The Sigma and Pentax 18-200mm lenses are older lenses that were superseeded by the Tamron/Pentax 18-250mm. The Tamron 18-250mm and the re-badged Pentax 18-250mm are definitely better lenses than the older Sigma 18-200mm or Pentax 18-200mm.

A few recent threads discussed some comparison between the Tamron 18-250mm and Pentax 18-250mm: eg, http://forums.dpreview.com/...forums...ssage=33945288. For the latter (Pentax 18-250mm), the Pentax K-7 and K-x have the lens correction implemented and you can select some distortion correction to this lens : http://forums.dpreview.com/...forums...ssage=34042860. A lot of Pentaxians would recommend the Pentax/Tamron 18-250mm lens with overall little differences between the Tamron and DA18-250mm.

The DA18-250mm is highly regarded including my professionals (https://www.pentaxforums.com/forums/pentax-slr-lens-discussion/86984-pentax-d...50mm-lens.html, https://www.pentaxforums.com/forums/pentax-dslr-discussion/93367-k-7-steve-kr...gua-6962m.html), and it is considered on of the best all-around lenses, across all brands.
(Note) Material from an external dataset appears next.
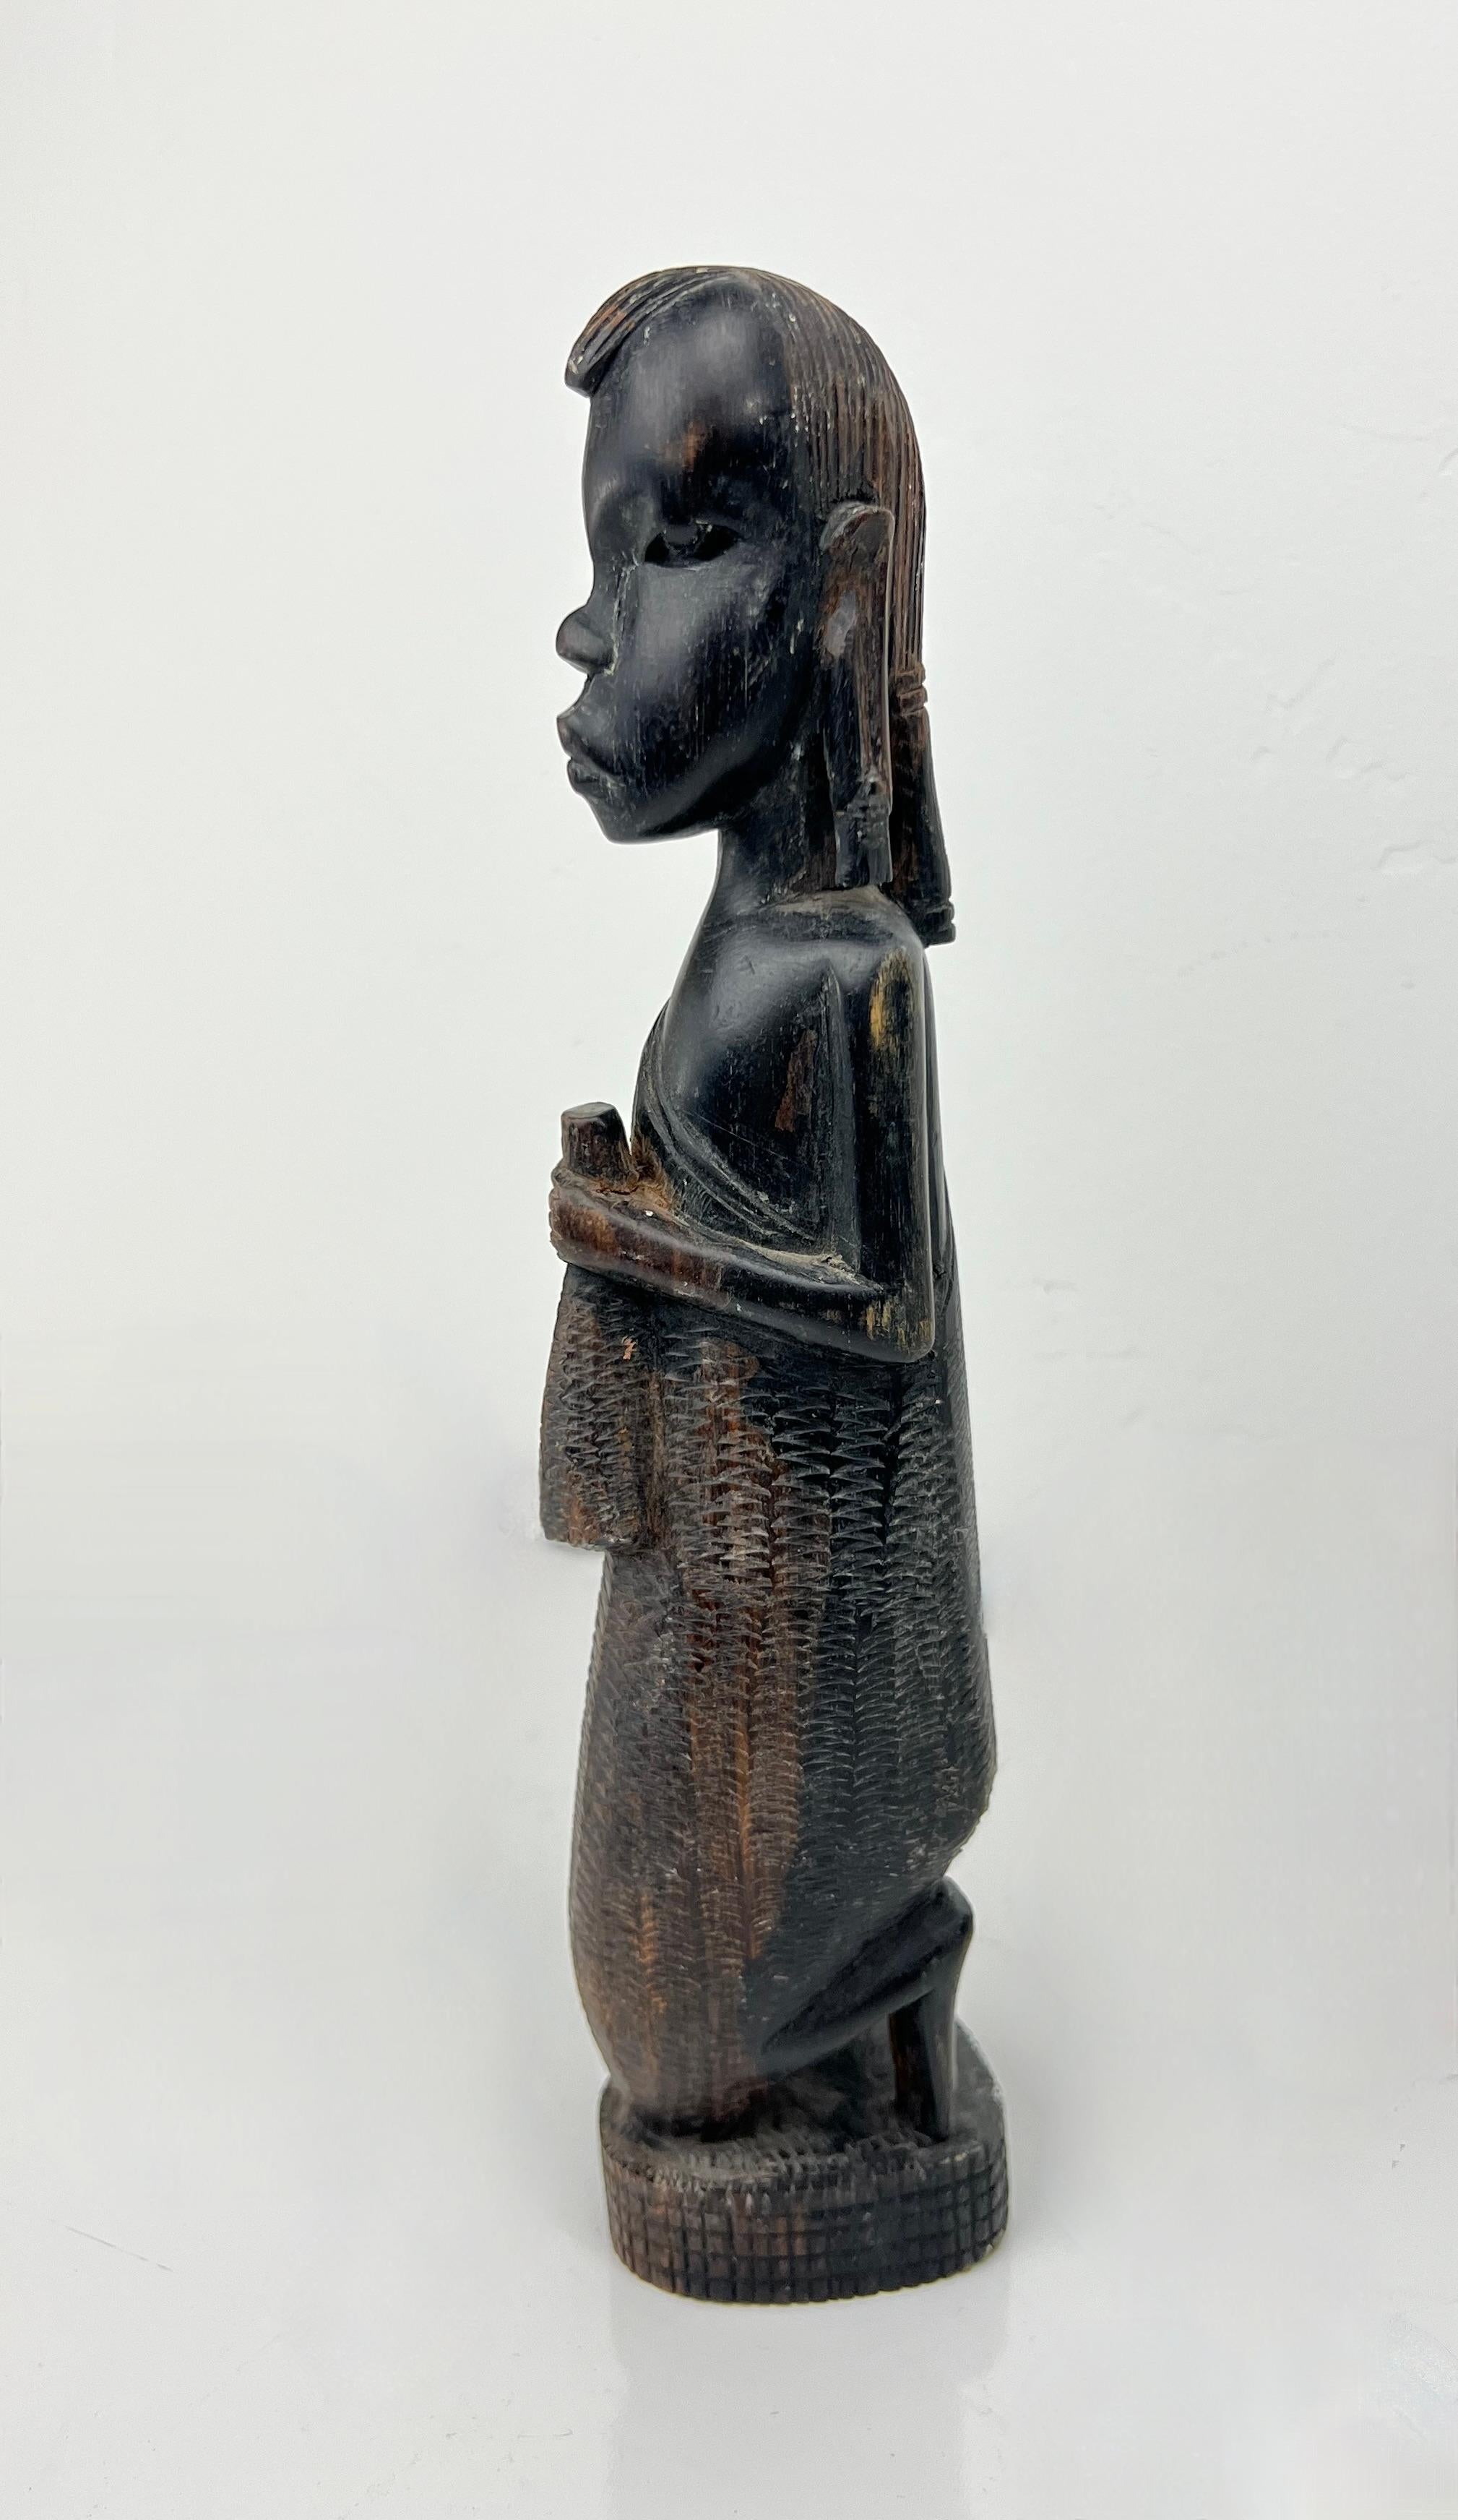 Hand-Carved African Sculpture of Kneeling Male made of Dark Wood.  Hand-carved in Kenya. This carving is gorgeously detailed with a smooth sculpted face, hair tied back and ears adorned with long earrings.  The tribal male appears to be holding a

The DA 18-250mm is an excellent walk-around lens. Full stop; it is not a fast prime and should not be compared with prime lenses.

There is less information on the newer and more expensive Sigma 18-250mm DC OS HSM. The reviews are positive but (a) there have been some forum discussions on reliability & maintenance issues of the HSM technology and (b) the optical stabilisation OS is redundant with the Pentax image stabilisation IS. There has been a few threads on the Sigma 180-250mm OS HSM at PentaxForums.com: https://www.pentaxforums.com/forums/pentax-slr-lens-discussion/90458-sigma-18-250mm-os-hsm.html.

I use a Pentax DA18-250mm with my Pentax K-7. I am happy with the Pentax 18-250mm in terms of practicality and ease to use in the field (no need to change lens), as well its image quality. I would recommend it strongly. I like the compact shape and I am able to get the K-7 with the 18-250mm in a small top-loading bag (Lowepro Top load zoom 1) that is handy to carry.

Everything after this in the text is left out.